--- Data below ---
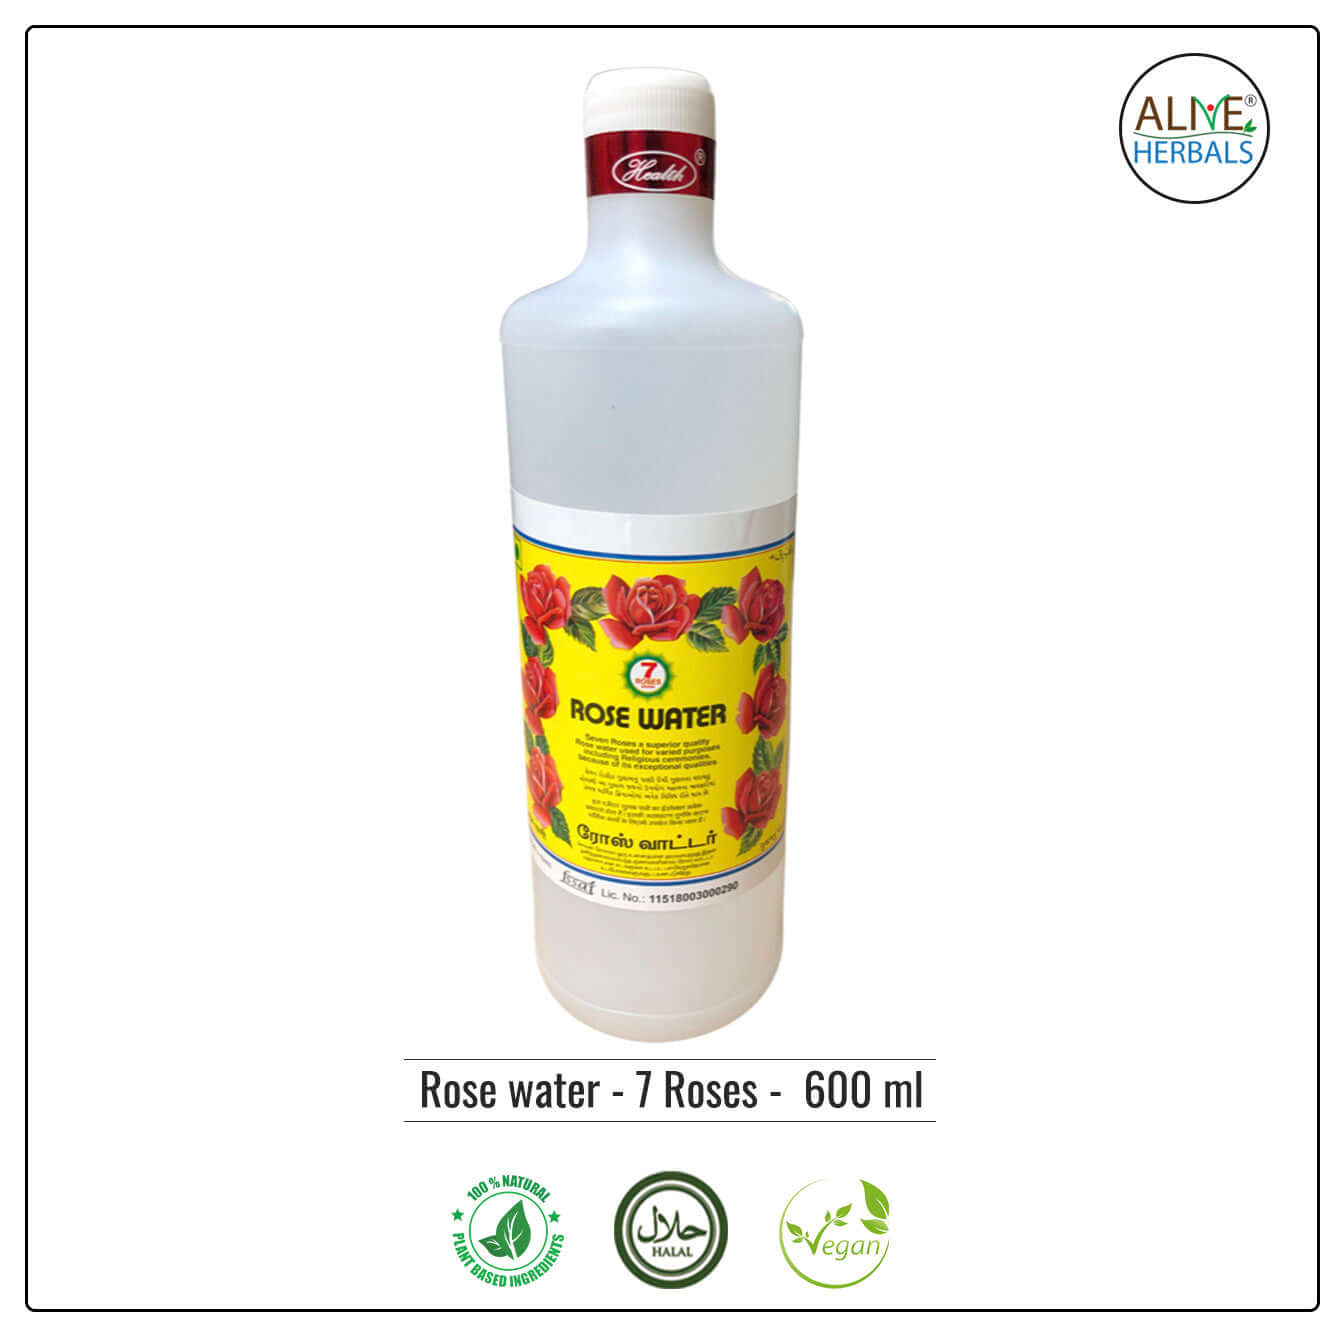 Rose Water - 7 Roses - Buy at Natural Food Store | Alive Herbals.
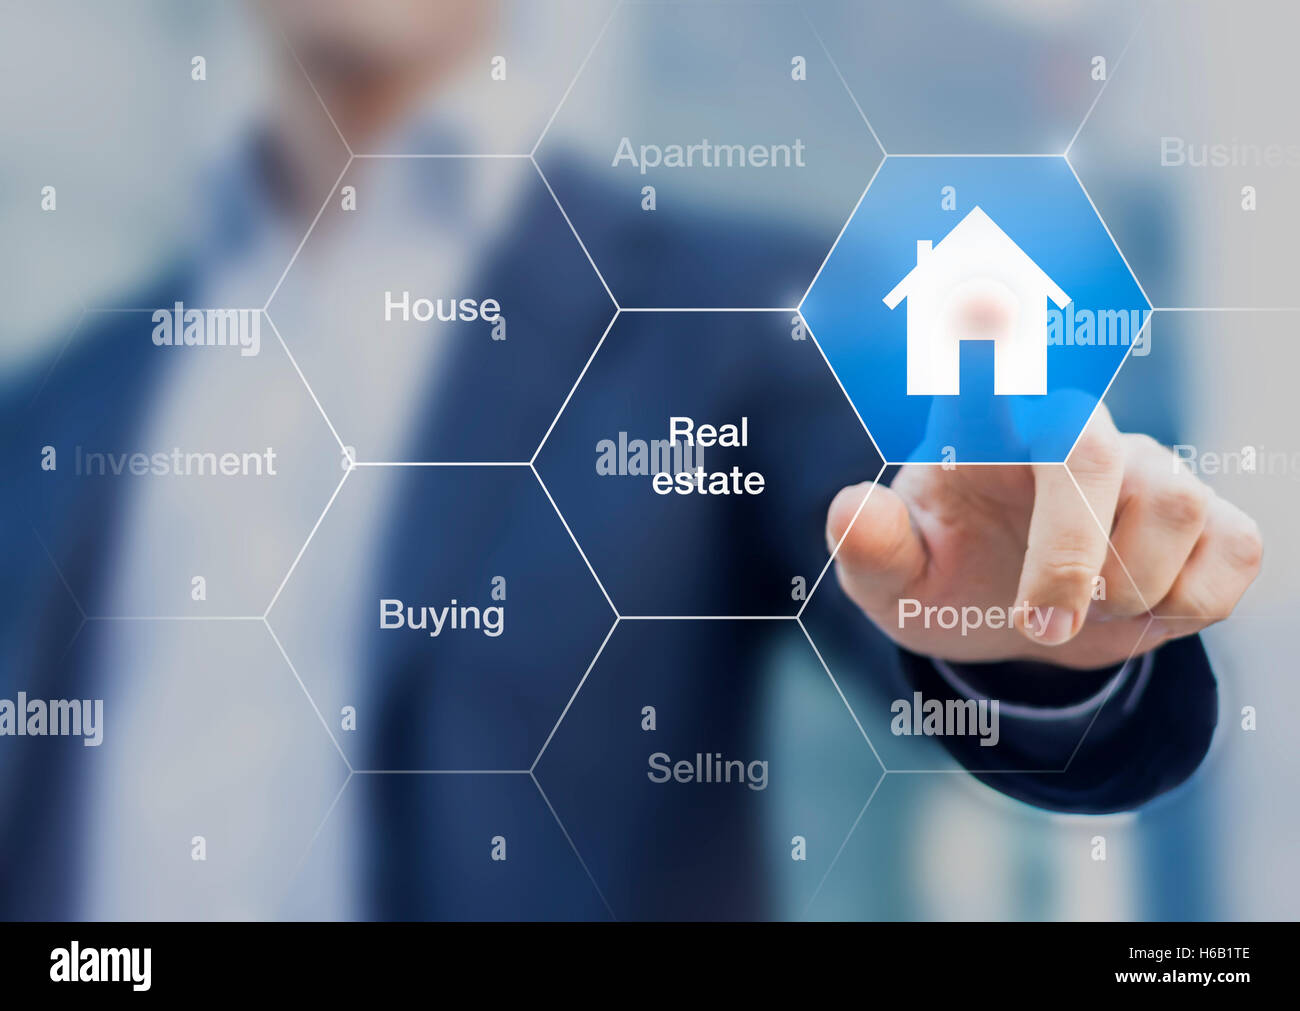 Real Estate Agent presionando un botón con el símbolo de la casa en una pantalla transparente Foto de stock
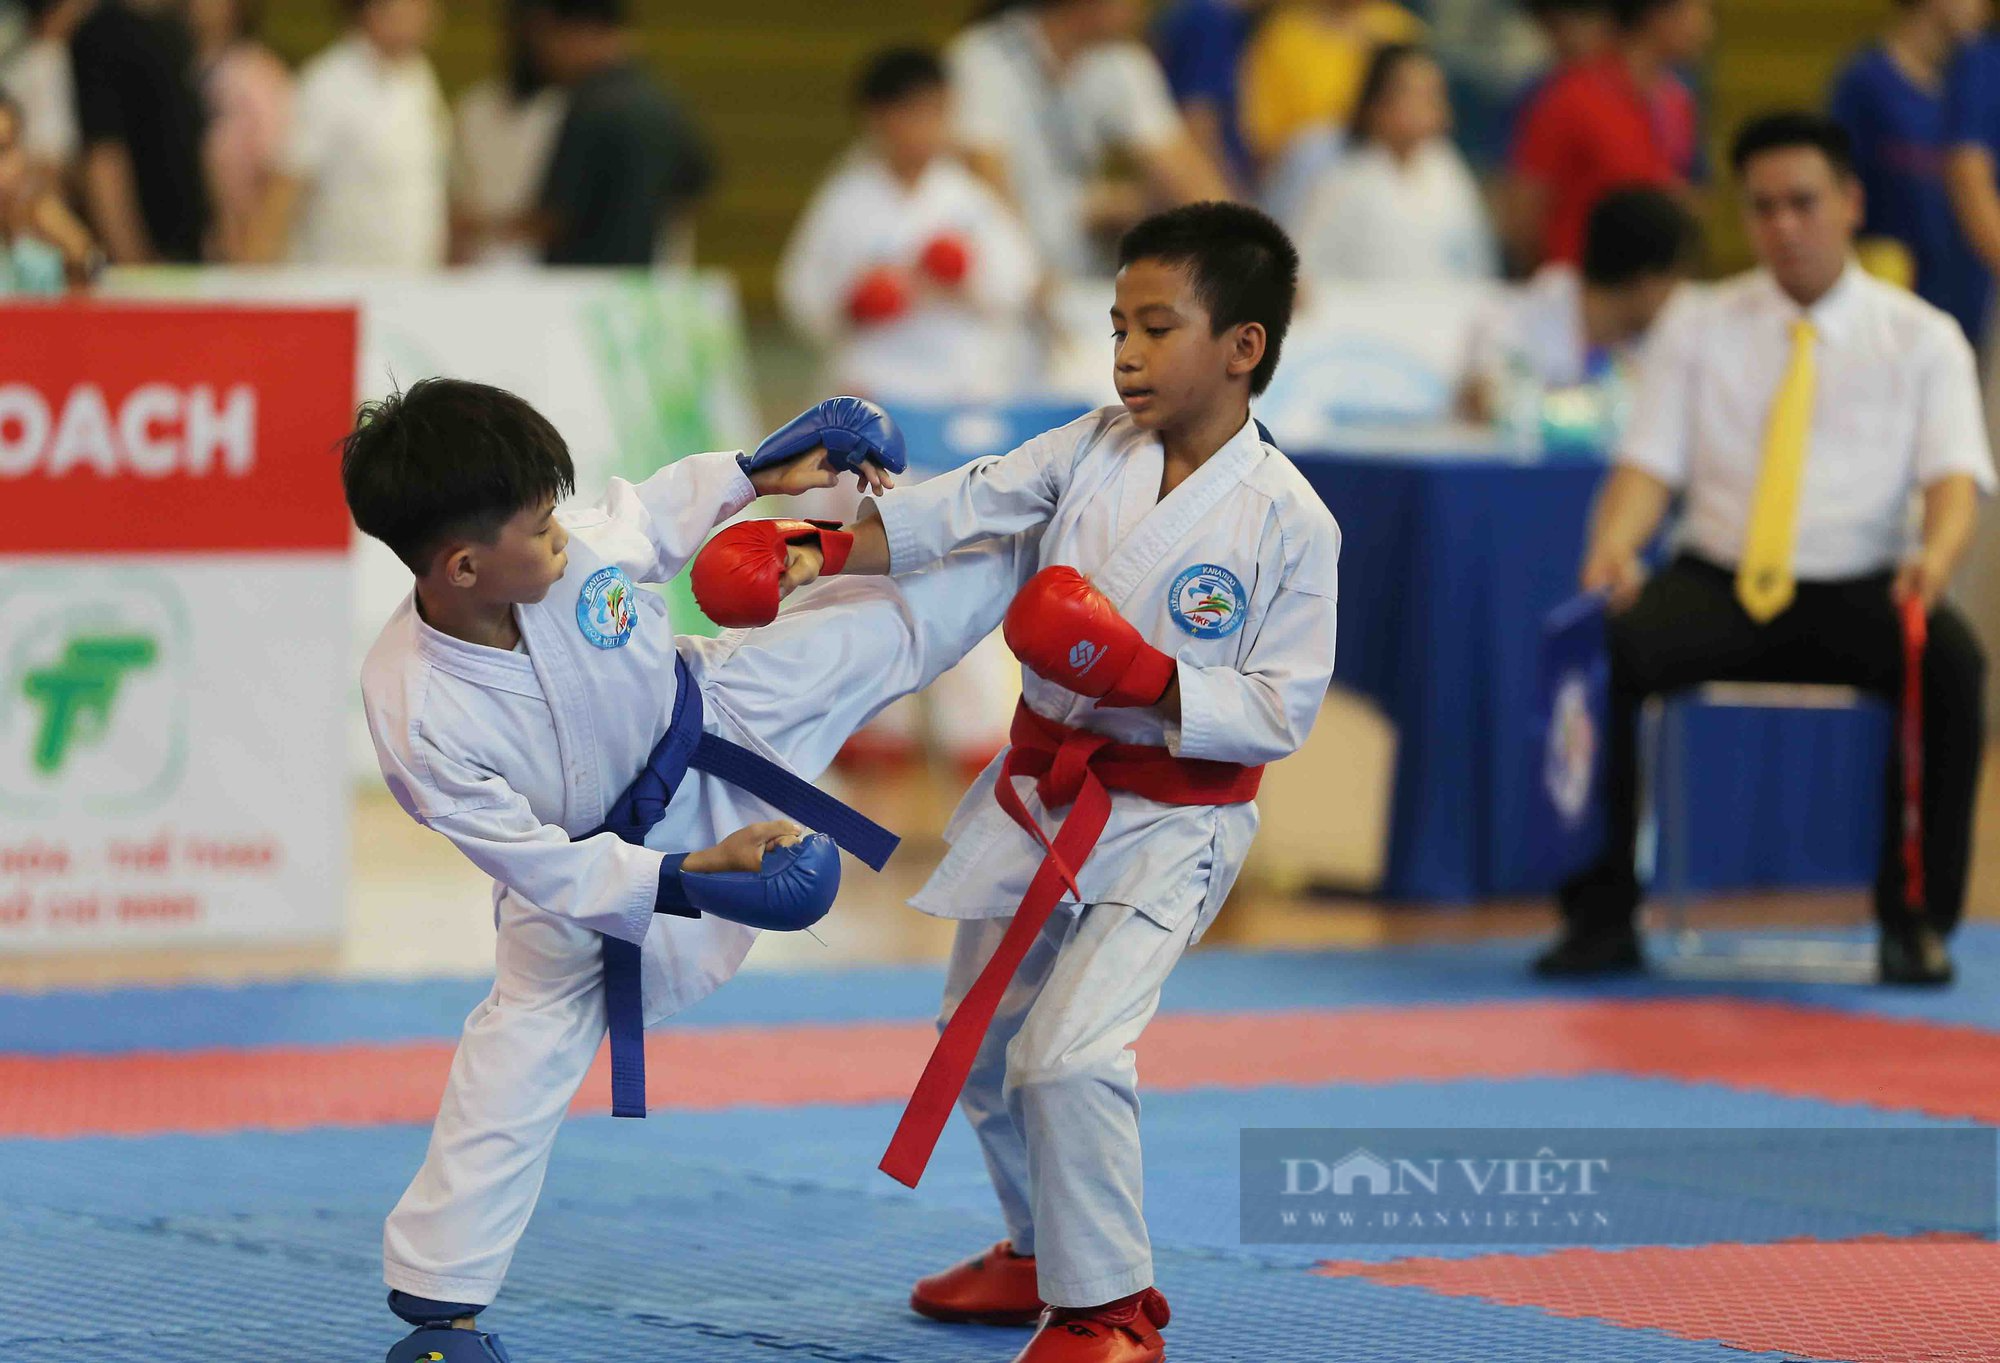 Ấn tượng những màn trình diễn siêu cute của các võ sĩ karate nhí - Ảnh 14.
---
### Task to carry out
The expected output is the material above, repeated exactly and free of pictures.

### Exercise result
 Rose Water - 7 Roses - Buy at Natural Food Store | Alive Herbals.
 Real Estate Agent presionando un botón con el símbolo de la casa en una pantalla transparente Foto de stock
 Ấn tượng những màn trình diễn siêu cute của các võ sĩ karate nhí - Ảnh 14.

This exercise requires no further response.